Unfortunately, the Mardalsfossen has been succumbed to the building of a Hydroelectric Plant, set further back then the falls. The plant was built during the 1970’s through the controversy stirred up from environmentalists. Arne Ness, the founder of the Norwegian Deep Ecology movement, actually tied himself to the falls hoping to stop the construction. Deep ecologist believes that taking the water away from the forest was infringing on their natural right to exist as nature created them too.

The water fall still flows at full power from mid June to mid August despite this re-channeling. Tourist flock to this area during this time of the year to take advantage of this powerful waterfall at its capacity. It is also enjoyed by many people to come to the falls earlier or later in the year to view the water volume changes as the dam opens or closes.

Waterfalls in Norway are fed through the steady trickle of snow melt that occurs higher up in the mountains. This flows much heavier in the early spring as the weather warms and the snow melts. The Mardalsfossen falls into the lake Eikesdalsvatnet.

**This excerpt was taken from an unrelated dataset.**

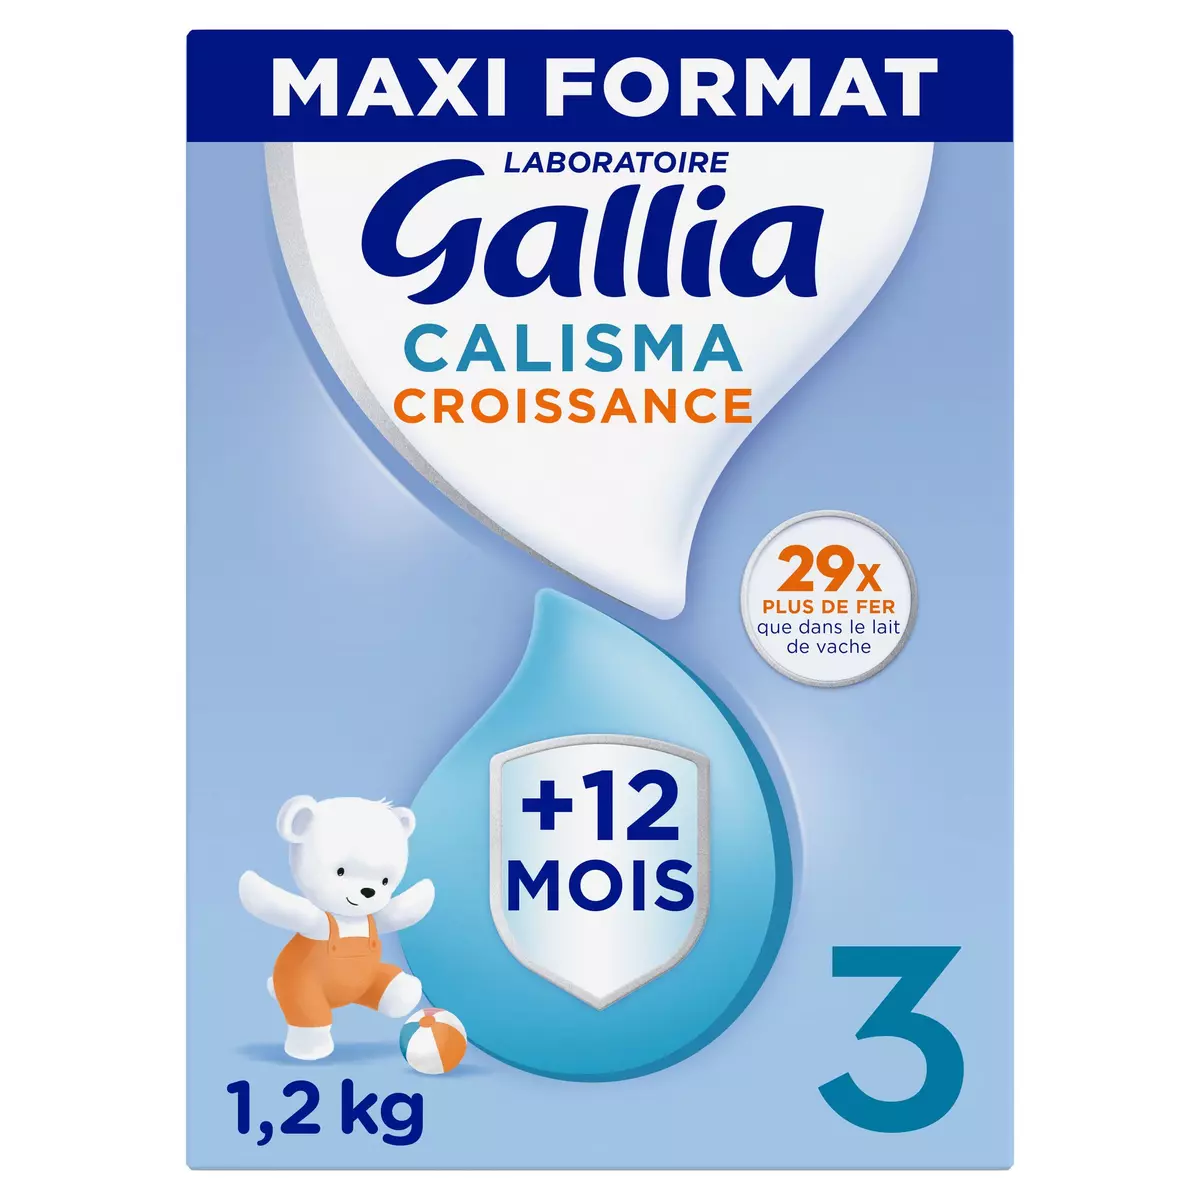 Gallia calisma croissance 3 - Gallia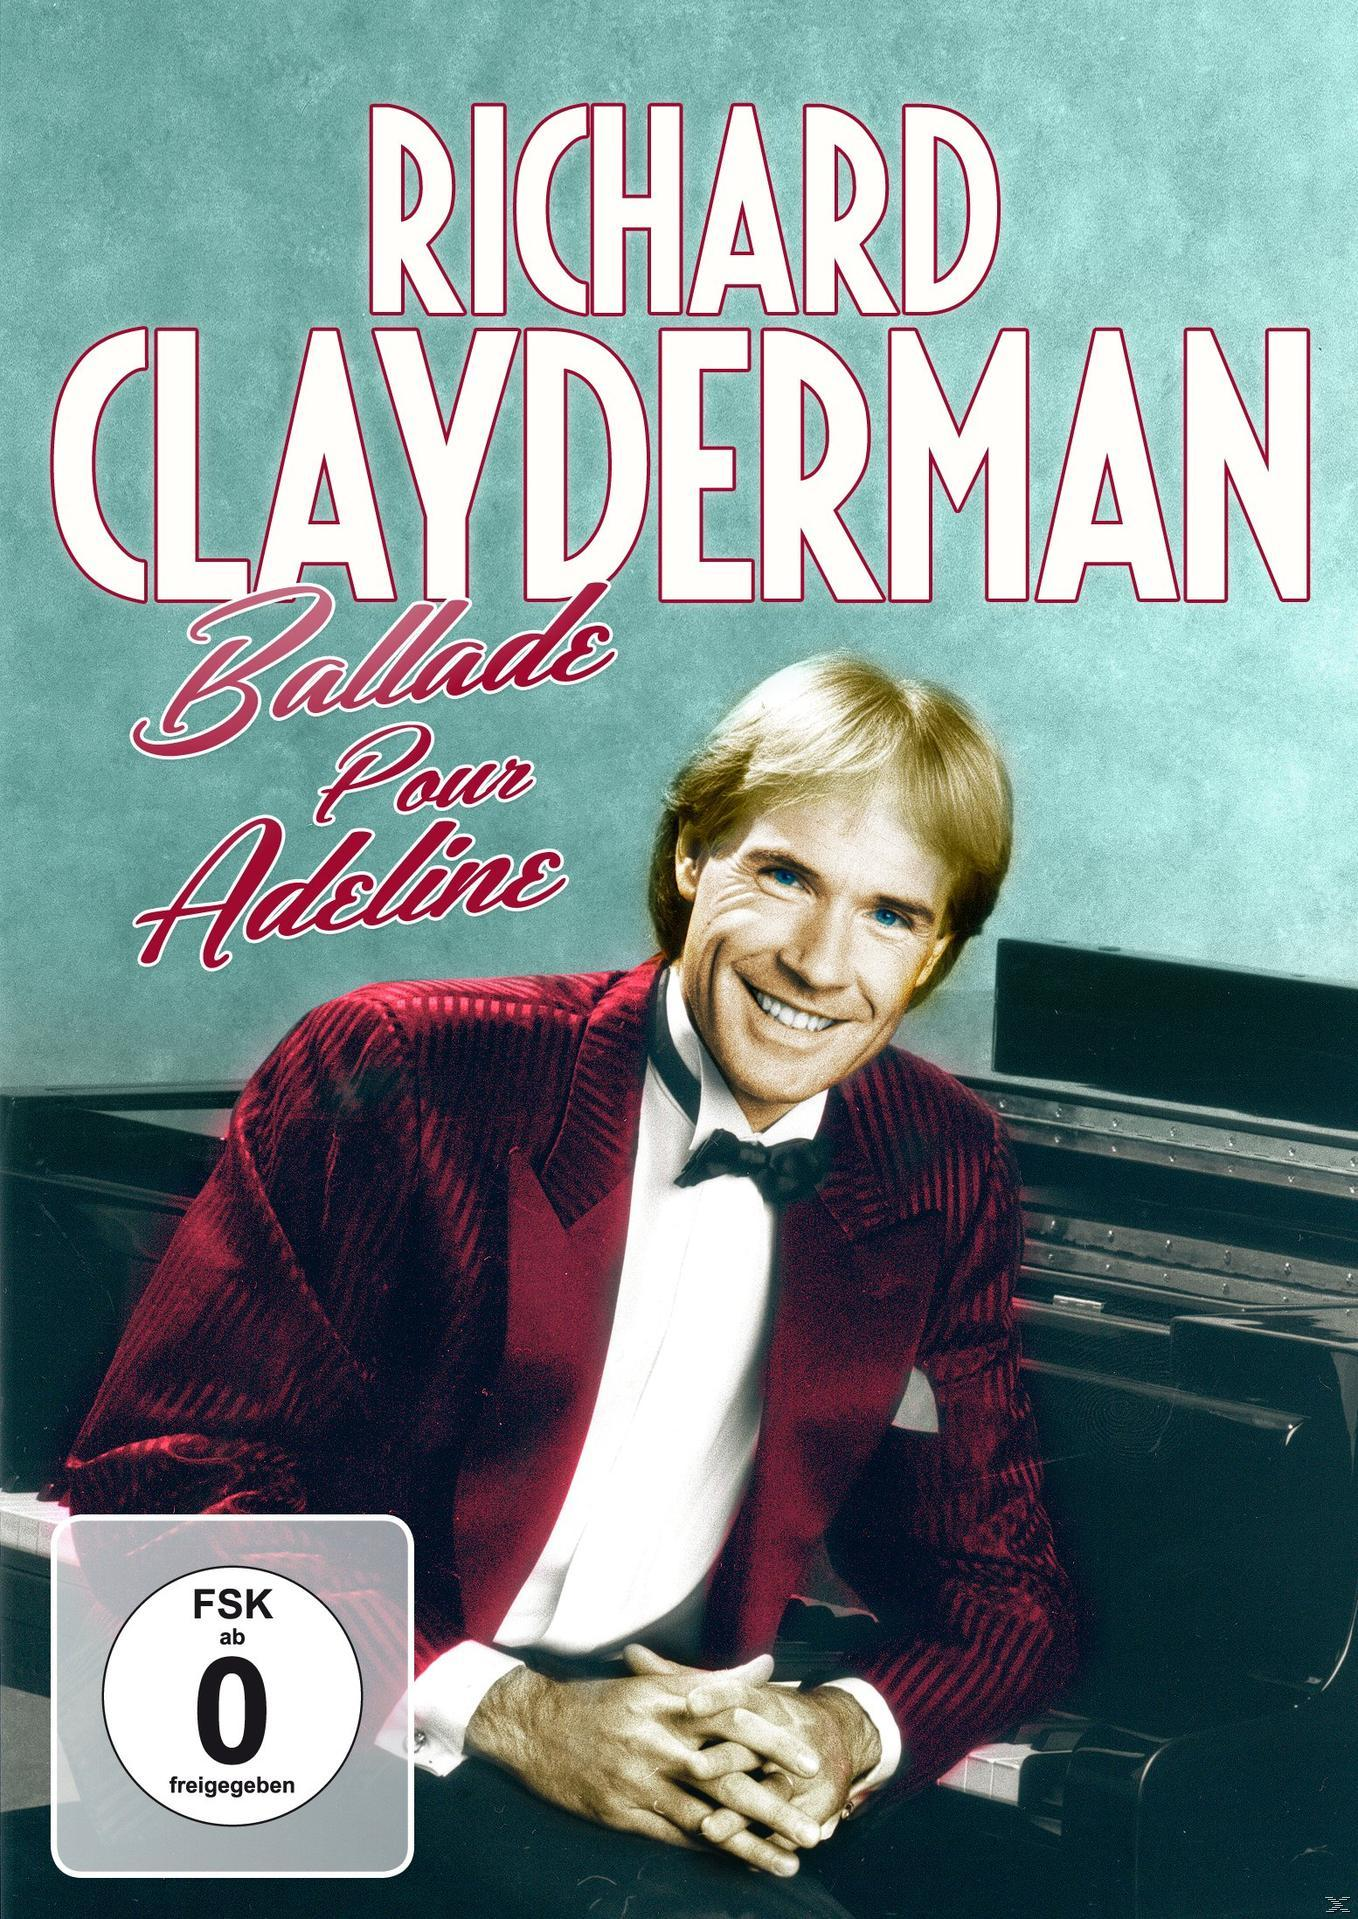 Richard Clayderman - - His (DVD) Ballade Adeline: Greatest Pour Hits

The falls are about 80 feet wide, but seem to be much thinner when flowing against the massive cliffs over which they fall. The tiered falls, with the upper being slightly to the right of the lower, creates stunning pictures. There is normally a light mist that rises as a result of the cascades from the lower fountain. The dark grey cliffs provide a stark contrast to the white gushing water as it falls over the side of the mountain. The mountain features lush fauna on either side of the fall.